I managed to reduce a PostgreSQL view’s query time by more than 80% with just the two keywords
NOT MATERIALIZED and by reading the actual database manual when GPT-4 gave up.
Below, I will explain the context of the speedup.
I recently moved a little bit of business logic from an API endpoint and into a PostgreSQL view, because it made some things a bit easier to manage. The view uses common table expression (CTE), and one of them looks something like this (not the actual code, but very similar):
WITH first_and_last_score AS ( SELECT DISTINCT ON (company_id, user_id) company_id, user_id, LAST_VALUE(score) OVER (PARTITION BY company_id ORDER BY created_at) AS last_company_score, LAST_VALUE(score) OVER (PARTITION BY company_id, user_id ORDER BY created_at) AS last_user_score FROM scores ) -- ... -- more CTEs and queries -- ...
The query finds the last score for each company and the last score for each user in that company using the
LAST_VALUE window function.
I was not particularly nervous using the above code for live data, because I knew that the view would always be used with a filter on company_id, and the CTE would thus not to a full table scan of the
scores table because the query optimizer would be smart enough to filter the score table first.

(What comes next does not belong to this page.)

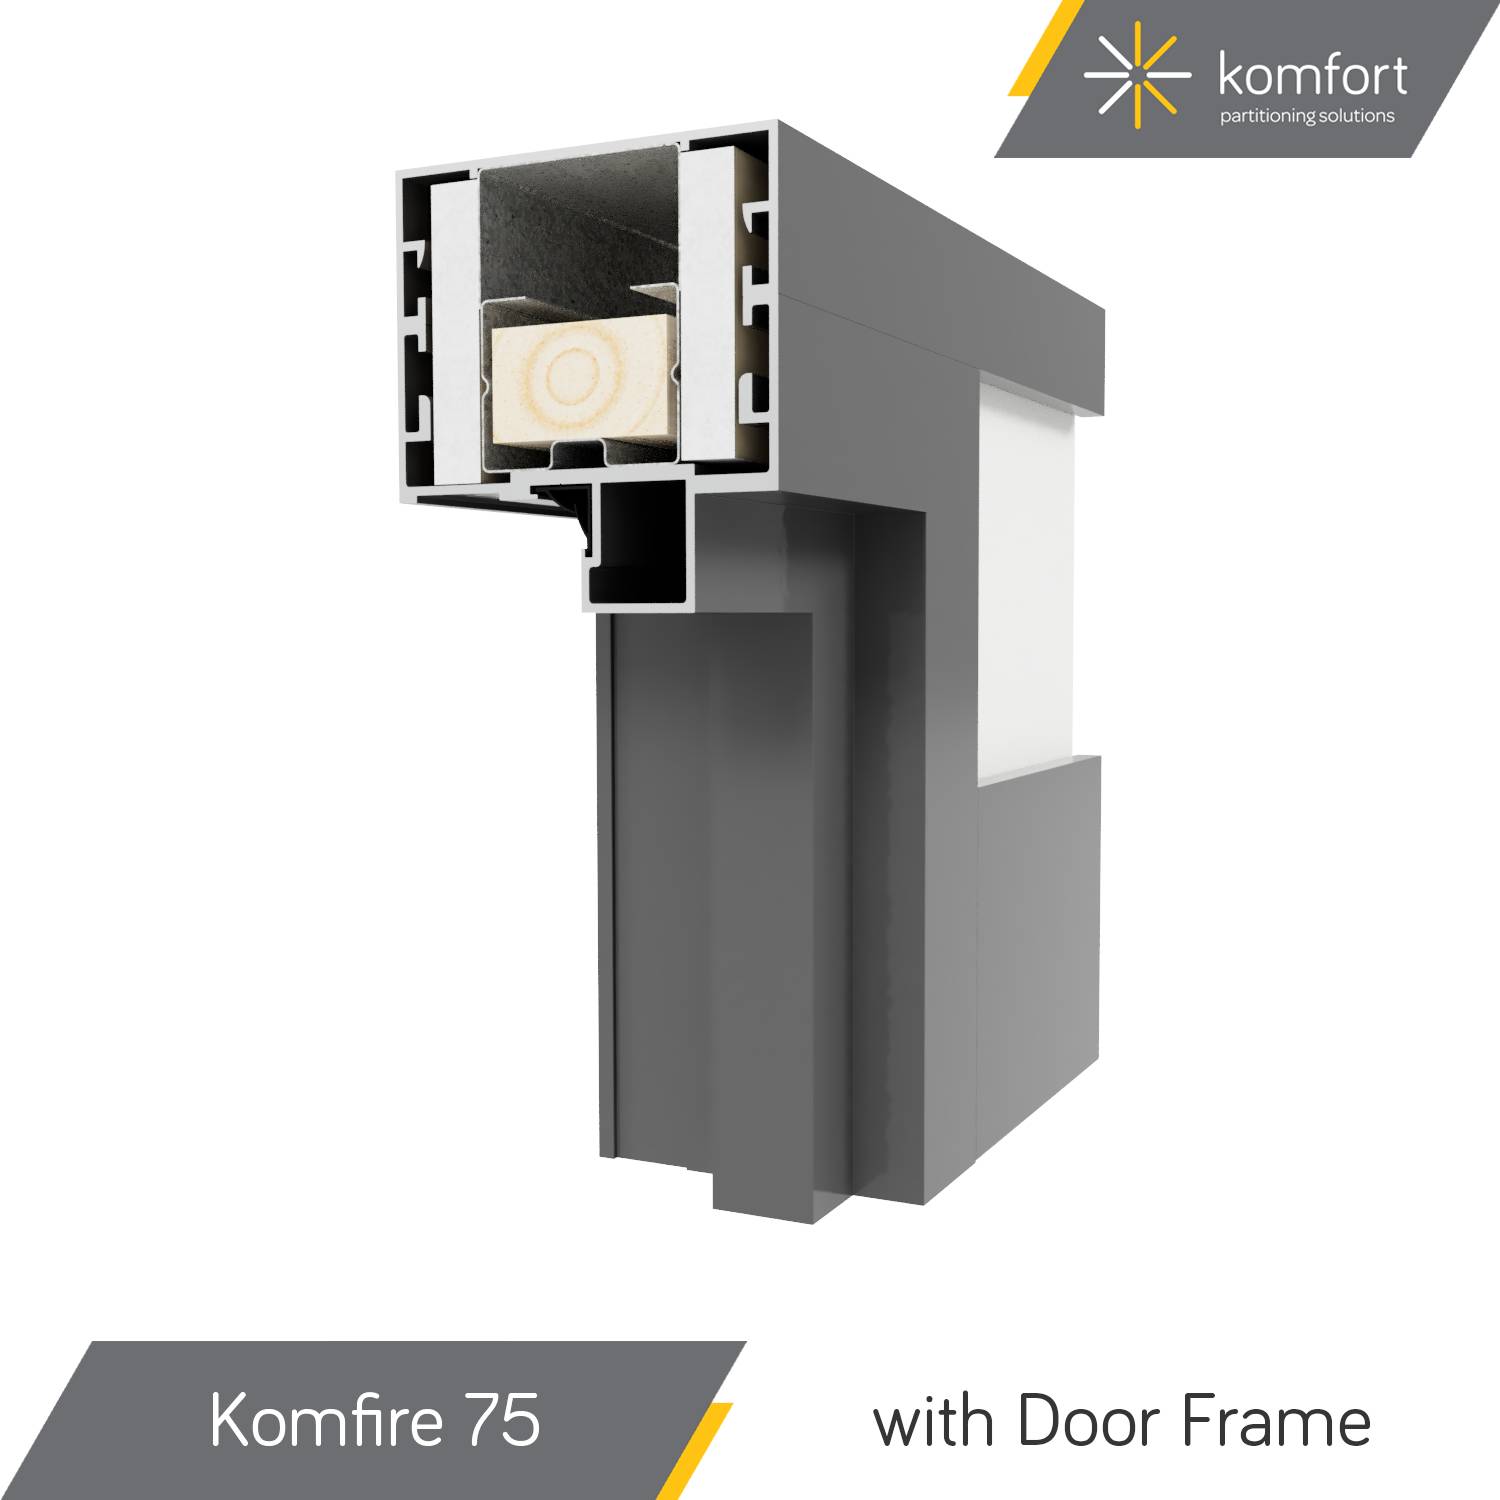 Komfort | Komfire 75 | Non-Fire Rated Solid & Glazed Partitioning

Alas, when profiling the view, it was indeed making a table scan on the
scores table in my view, and it was a major bottle-neck for performance.

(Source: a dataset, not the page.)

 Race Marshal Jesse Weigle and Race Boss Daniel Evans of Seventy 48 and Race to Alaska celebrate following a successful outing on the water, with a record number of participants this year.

It took several hours with trial and error to figure out what was going on, until I finally decided to actually read the Postgresql manual on CTEs, specifically how CTEs are automatically folded into the parent query:
“… it can be folded into the parent query, allowing joint optimization of the two query levels. By default, this happens if the parent query references the
WITH query just once, but not if it references the
WITH query more than once“
The problem was that I referenced the
scores CTE twice and thus it was materialized and did not take advantage of the filter on company ID, I was using on the view.
In the end, adding
NOT MATERIALIZED to the CTE was the fix:
WITH first_and_last_score AS NOT MATERIALIZED ( ... )
Just this change made reduced query time by roughly 80% for most queries to the view, and since the view was ultimately being served to a front-end, it was the different between “this feels a bit slow” to “this feels instant”.